Every so often someone says something to me that penetrates deeply into my soul. One such case happened in the latter part of 2008.
I had been searching for a new chiropractor, someone I could trust, who knew their stuff inside-out and who was professional. After some time, research and high praises from friends/acquaintances I found exactly the person I was hoping for. I found Dr. Guo; he is a chiropractor & acupuncturist with a strong belief in Chinese medicine – he was perfect for me.
During one session while he was placing his acupuncture needles in the exact spots for my particular issues we chatted. Something about holding tension due to trust, past emotional & physical pain & trauma, etc. he said two final words to me before leaving the room; “stand tall”. He left me there for the usual 25 minutes with soothing music, heat lamps and the acupuncture needles towering but gently resting just below my skin.
Stand Tall. My mind was filled with thoughts of stand tall. My posture? My emotions? My attitude? Stand tall. There are so many ways I can stand tall; there are so many areas I need to stand tall in. I closed my eyes, I rested for the full 25 minutes with his gentle words replaying in my mind…stand tall.
Upon leaving his office that day I went through the next two weeks repeatedly hearing his voice telling me to stand tall. I stood tall, I kept my posture in check, I kept my self-confidence in higher esteem, I was reminded in nearly every situation to stand tall. Emotionally and physically, I stood tall.
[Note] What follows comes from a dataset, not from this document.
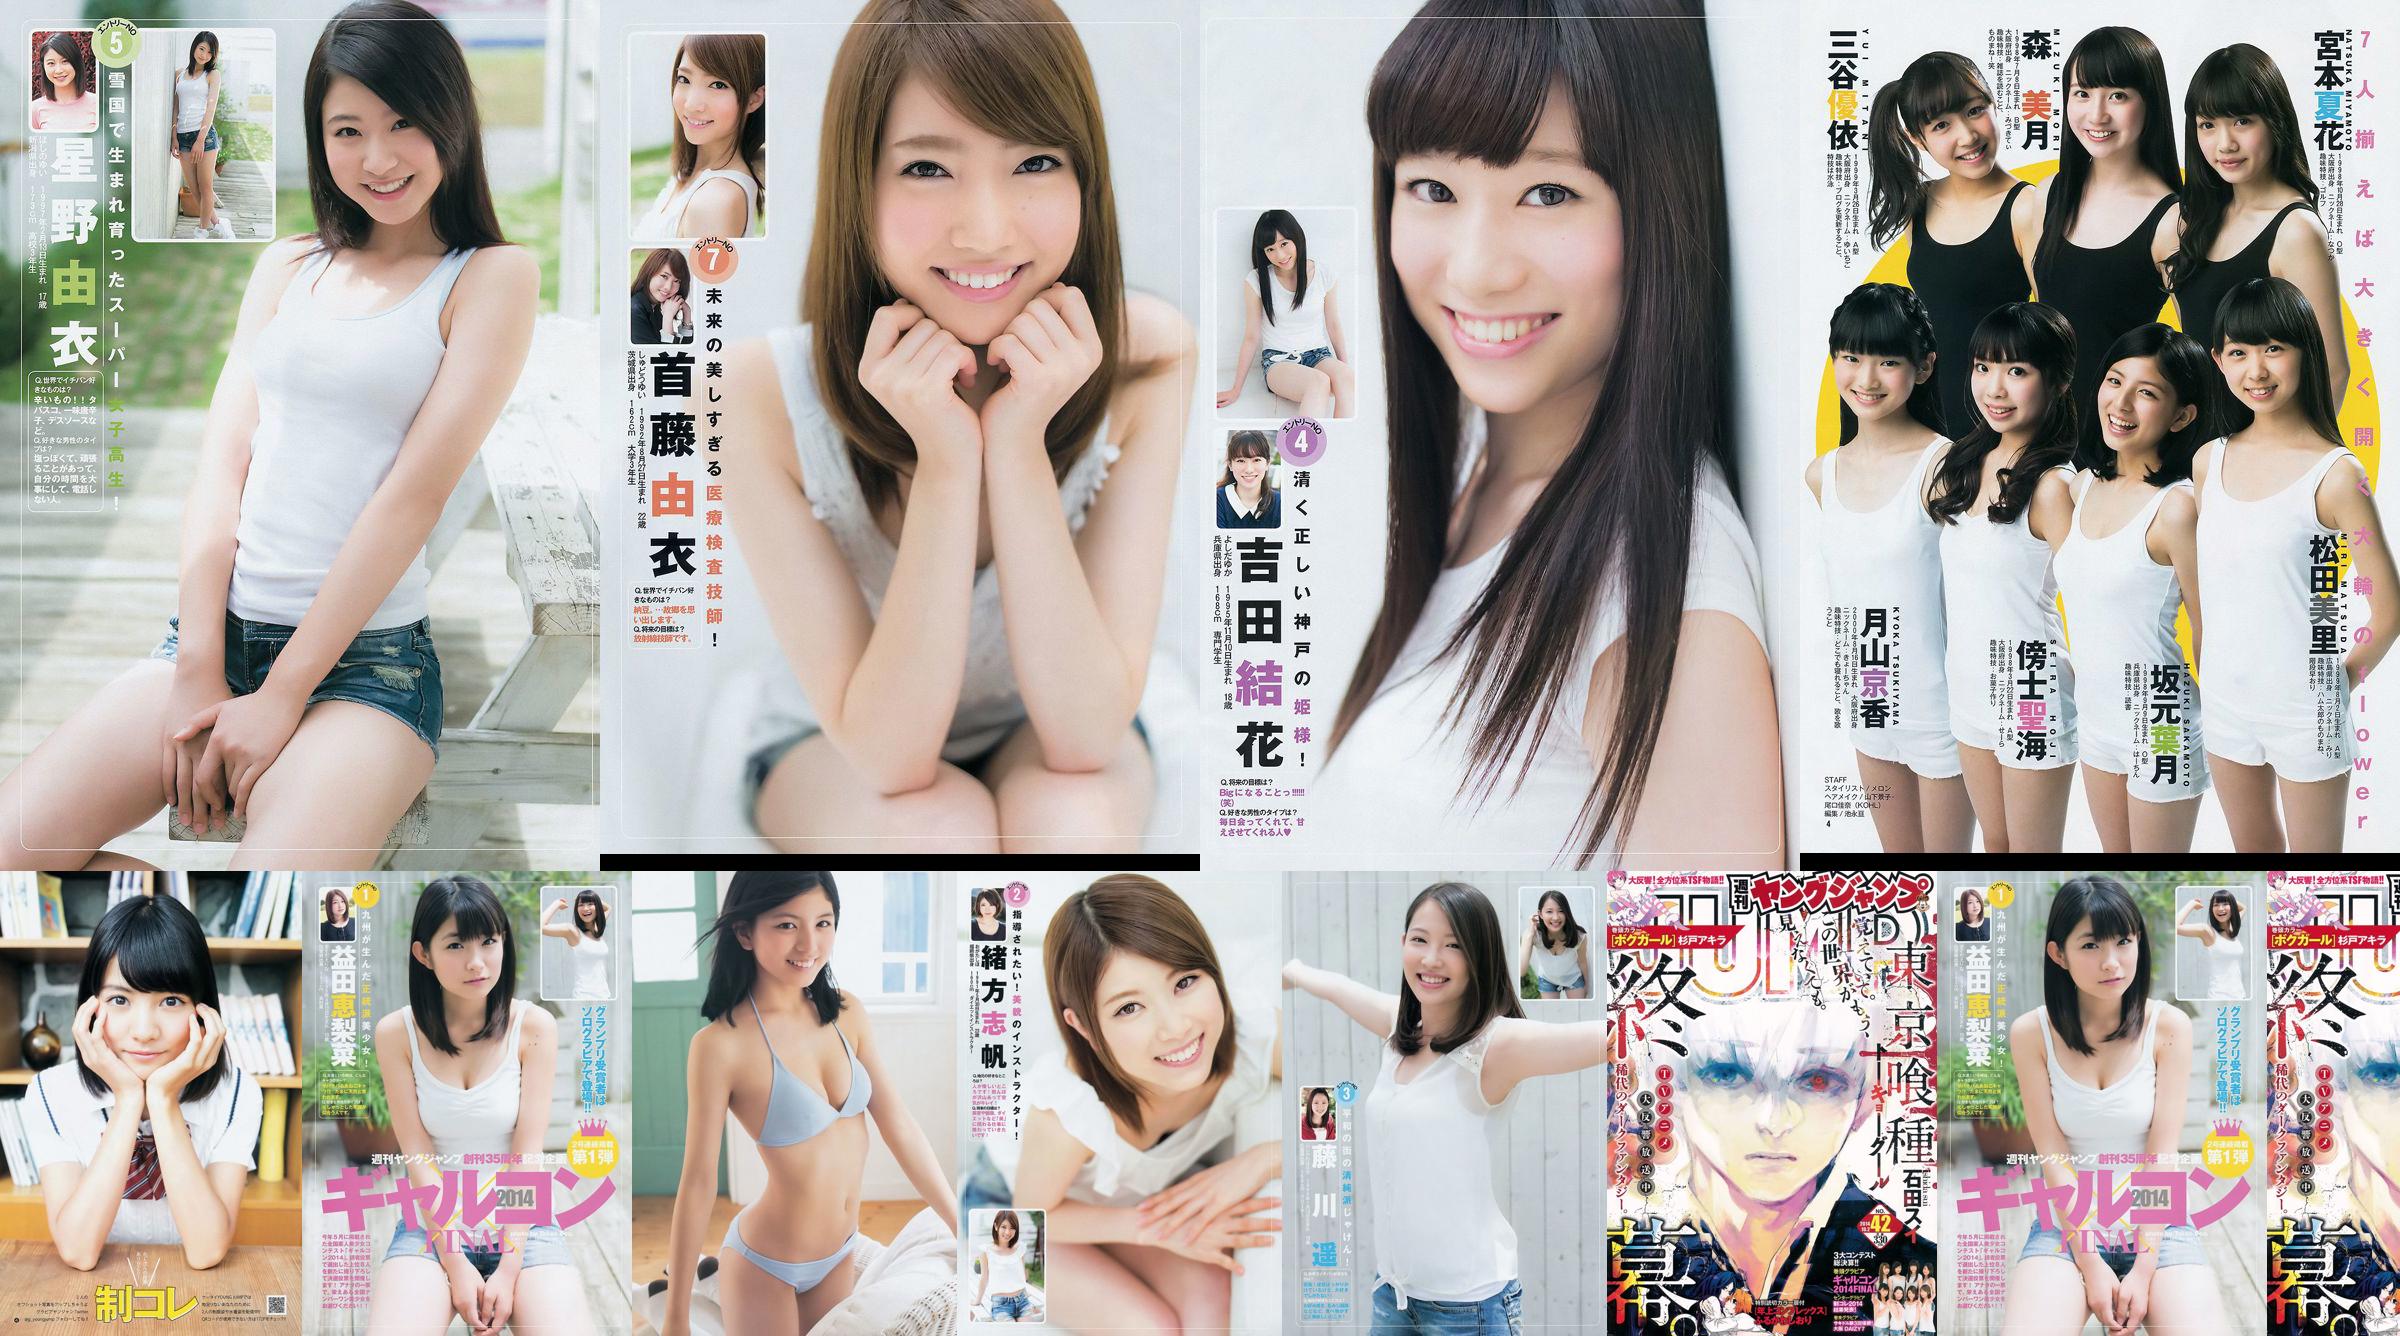 갸루콘 2014 제 이거 궁극 2014 오사카 DAIZY7 [Weekly Young Jump] 2014 년 No.42 사진 杂志 No.600736 페이지 1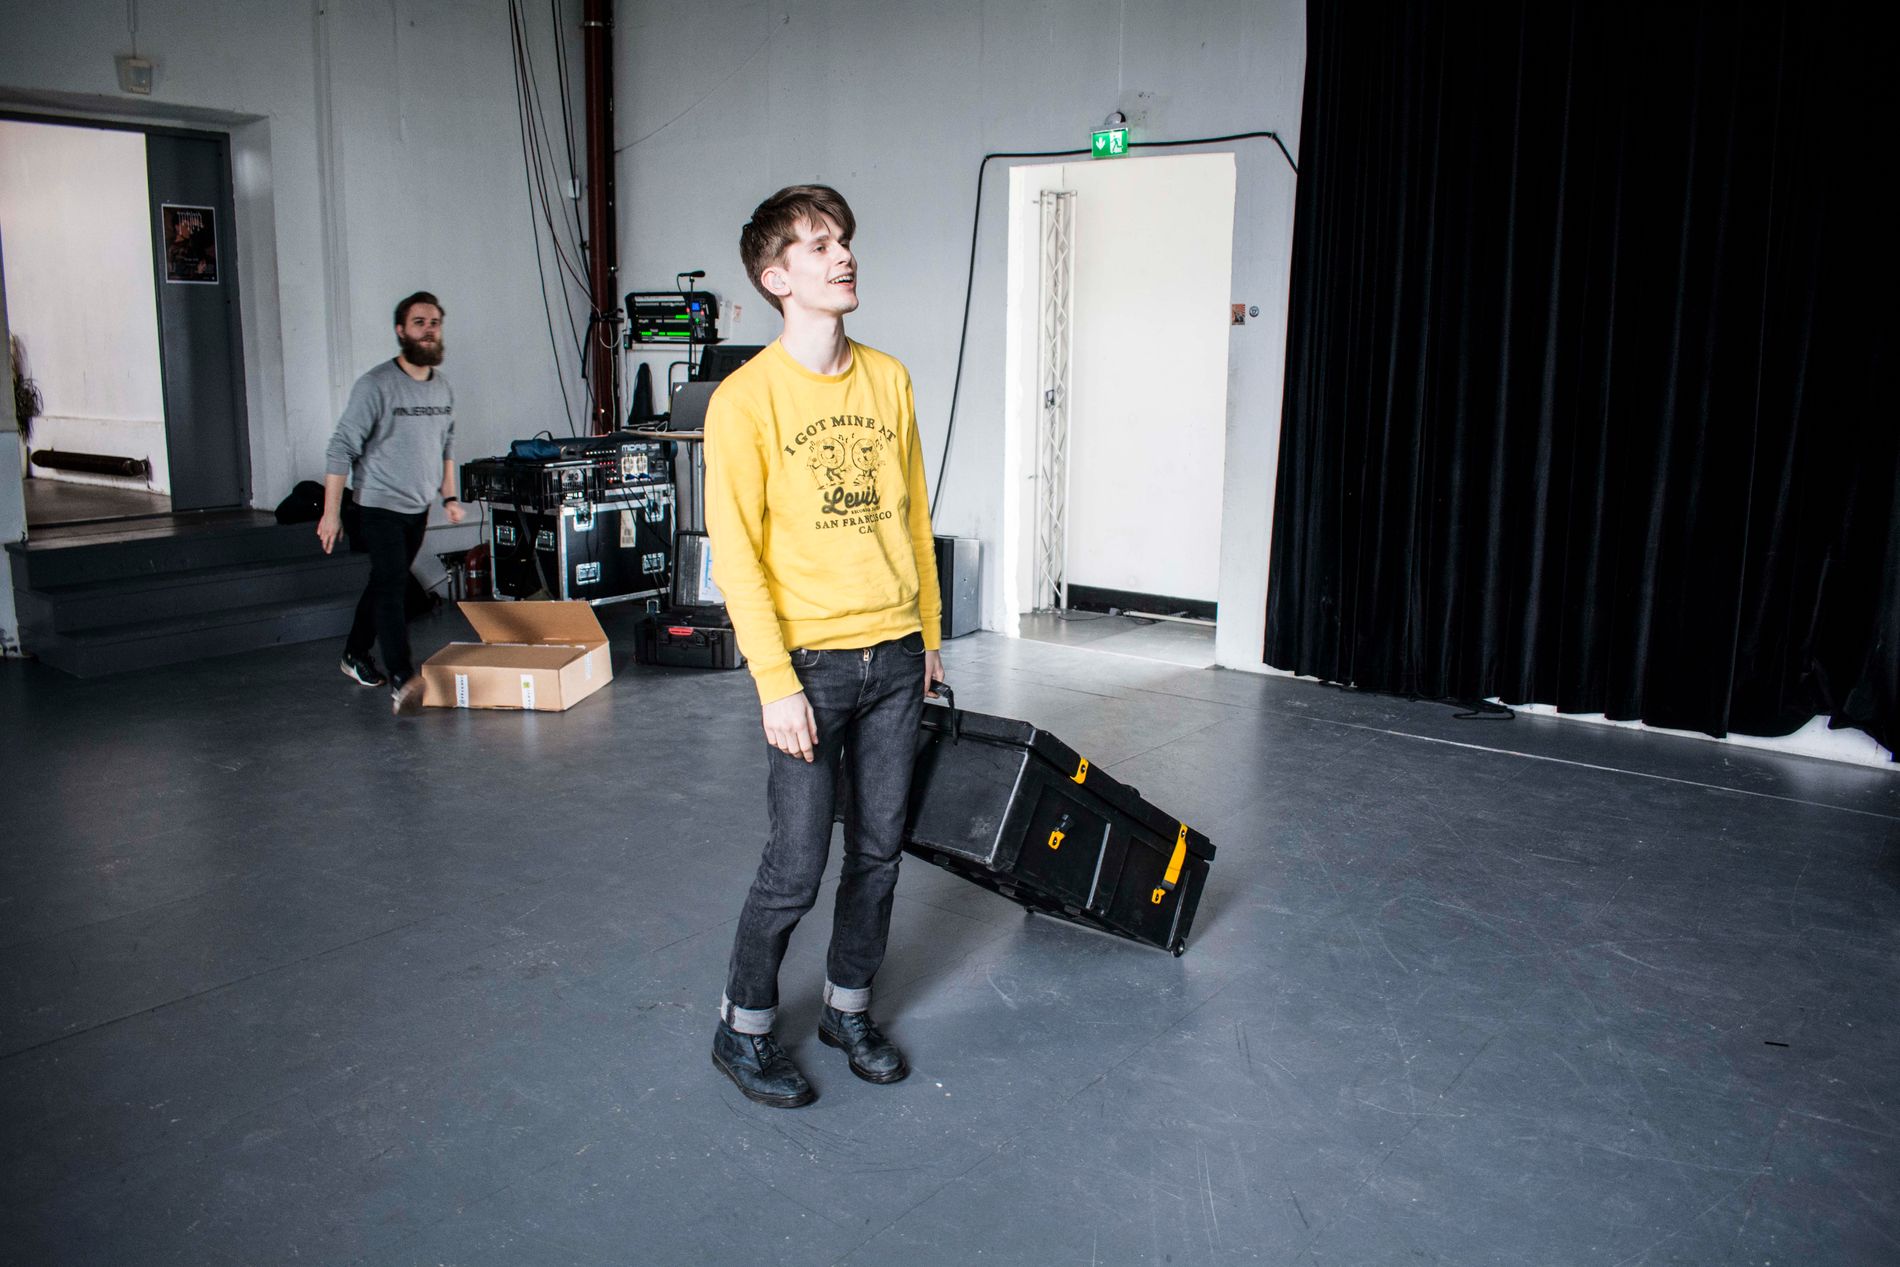 Tor-Arne Vikingstad viser hvordan denne kofferten skal trilles, etter å ha etterlignet Lokøy, som alltid drasser den med hjulene opp. – Poenget med å spille i et band er jævlig intern humor, sier trommis Wiencke.

Two weeks later I returned to Dr. Guo’s office for my next treatment session. He went about his work while he asked how I was doing. I told him that just two simple words that he spoke to me last time hit me strongly in a positive way. I told him that I took his words “stand tall” in two ways, physically and emotionally, and that they made a positive impact on me and how I saw myself; he responded, “I meant them in two ways”.
Since then, those words have stayed with me. His advice was powerful. He often said things that I thought of as profound, but those two words were the most powerful for me at that time. I will forever remember and be thankful for Dr. Guo and his deep-rooted wisdom.
Let me state that the only reason I no longer see Dr. Guo is because I moved an hour and a half away from his office which I was traveling to for about 6 months after moving but it got to be too much and so I found a local chiropractic office.